··· Raw data ···
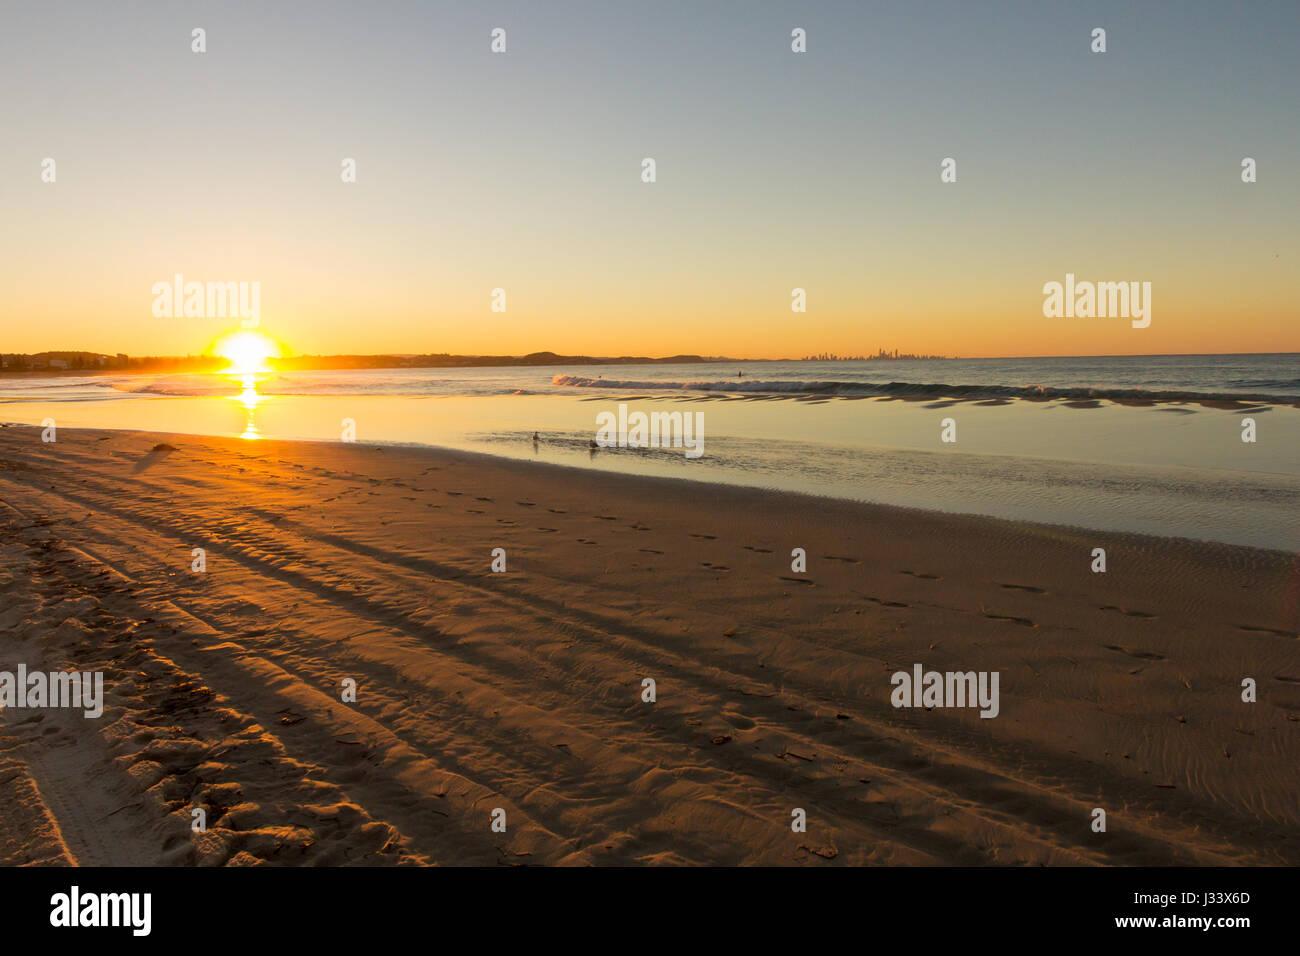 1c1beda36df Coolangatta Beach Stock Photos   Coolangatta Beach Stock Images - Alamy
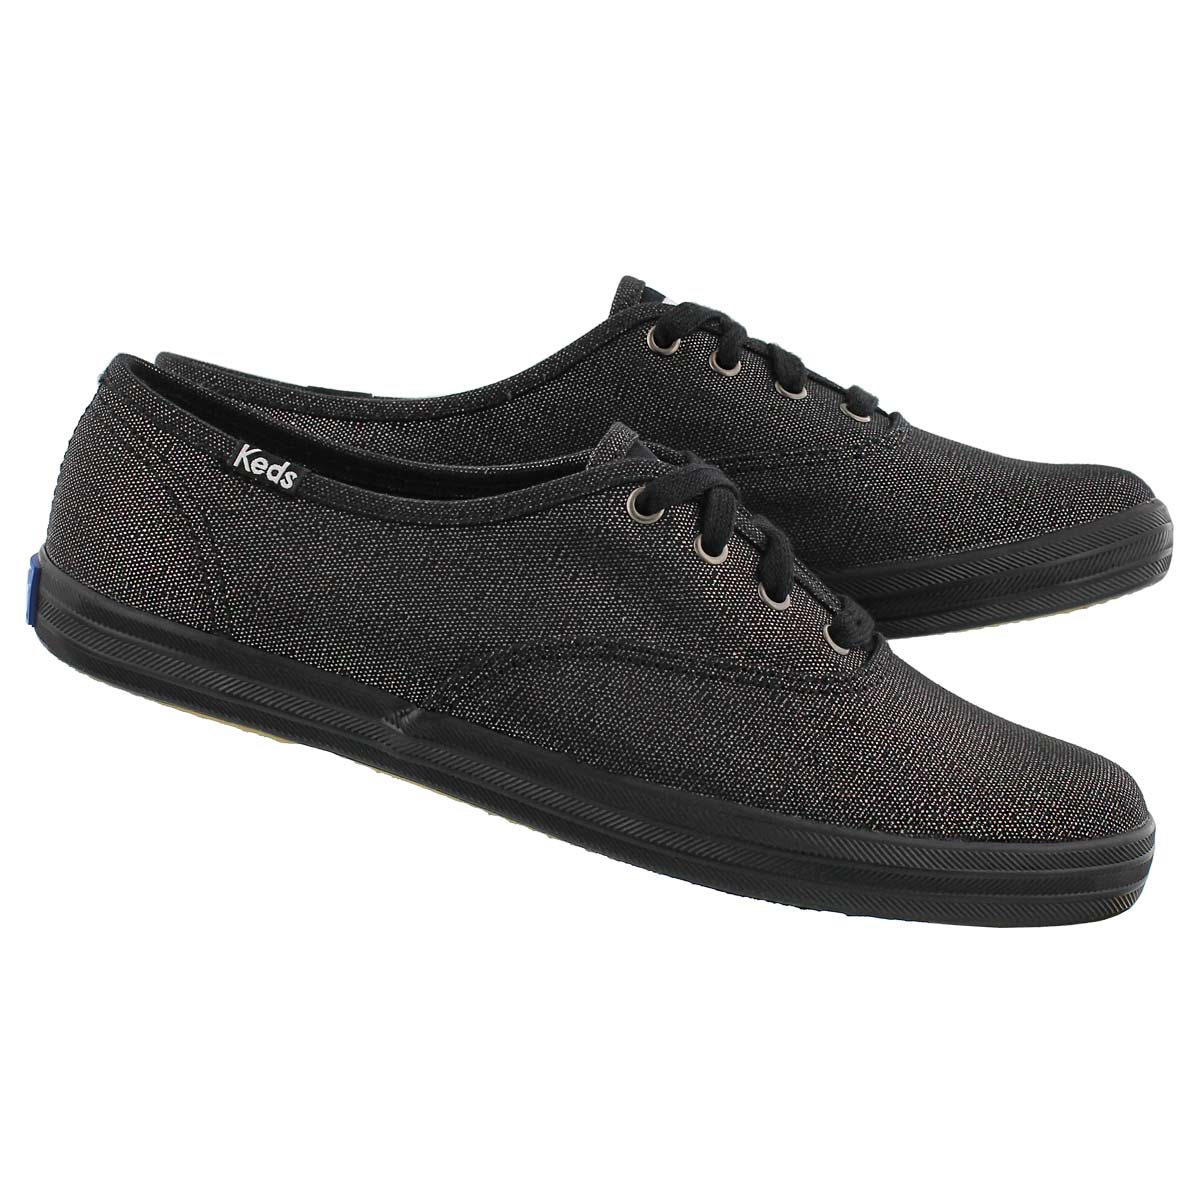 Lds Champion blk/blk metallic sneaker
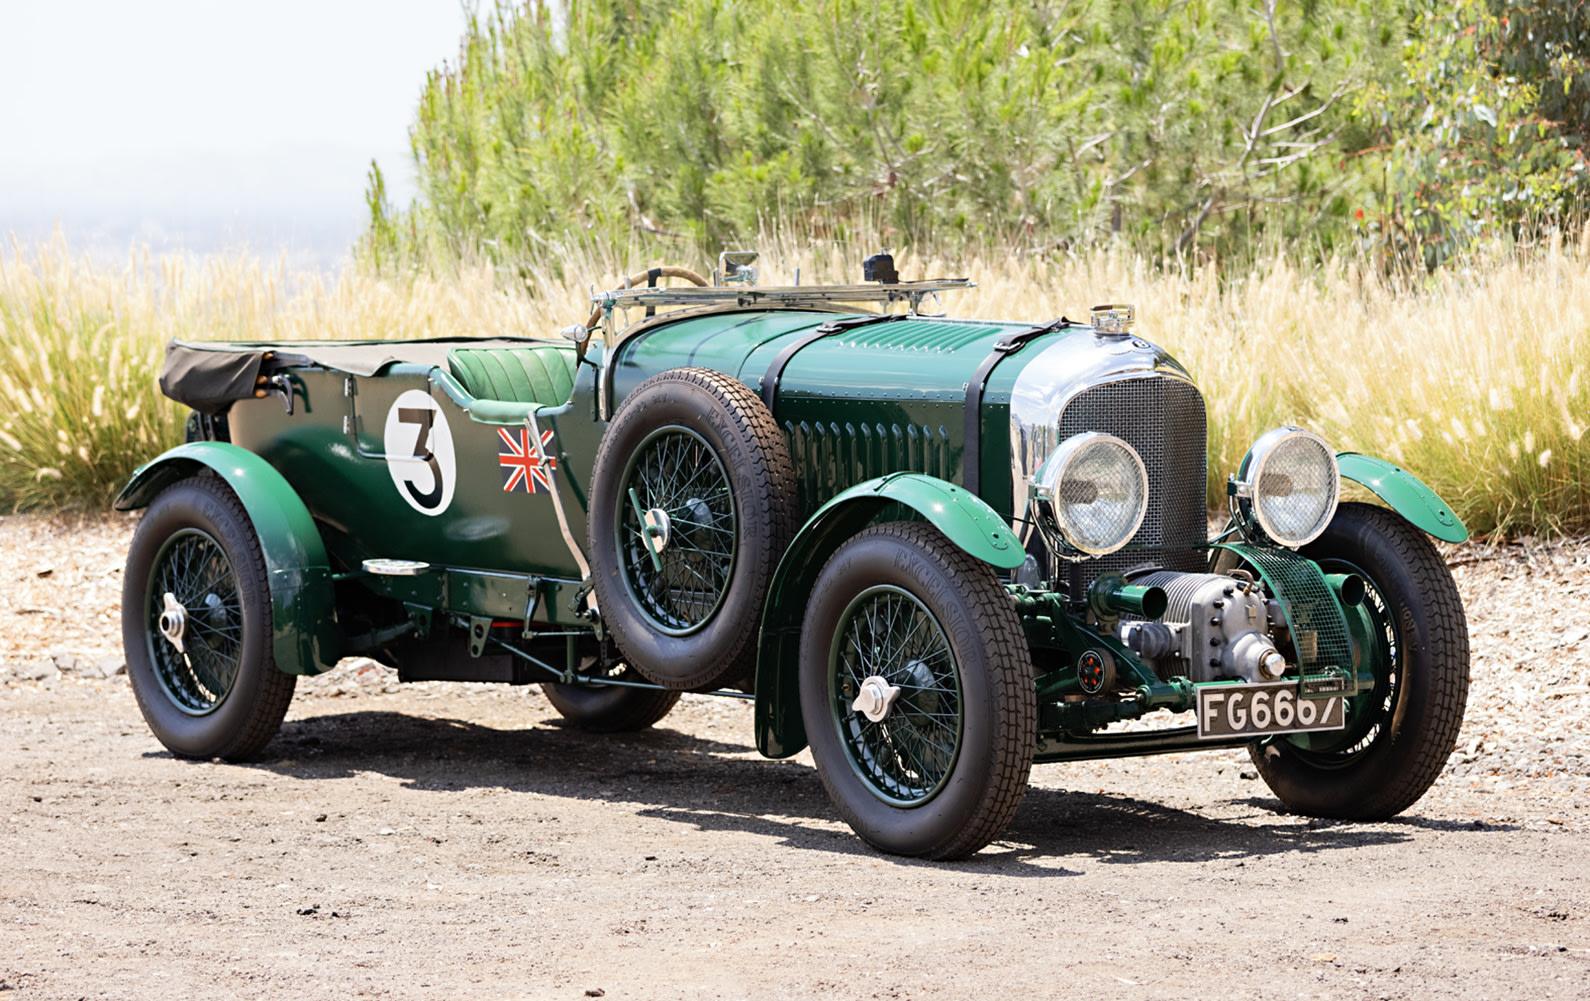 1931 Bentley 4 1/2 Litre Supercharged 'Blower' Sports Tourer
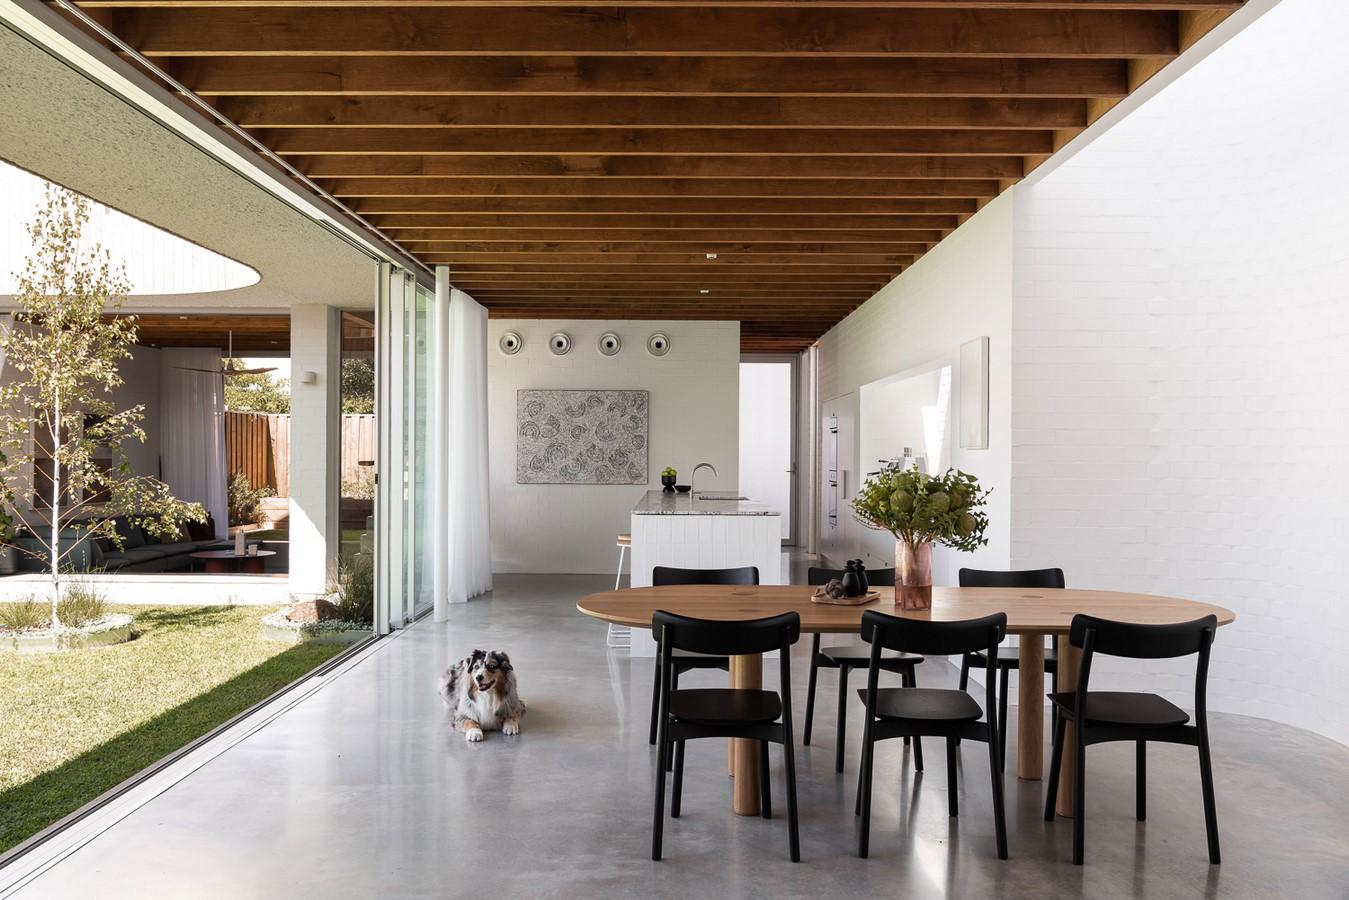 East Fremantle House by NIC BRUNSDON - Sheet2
···
■ **What to produce**
A word-for-word repetition of the data above, without pictures, is the expected answer.

■ **Solved problem**
 1c1beda36df Coolangatta Beach Stock Photos   Coolangatta Beach Stock Images - Alamy
 Lds Champion blk/blk metallic sneaker
 1931 Bentley 4 1/2 Litre Supercharged 'Blower' Sports Tourer
 East Fremantle House by NIC BRUNSDON - Sheet2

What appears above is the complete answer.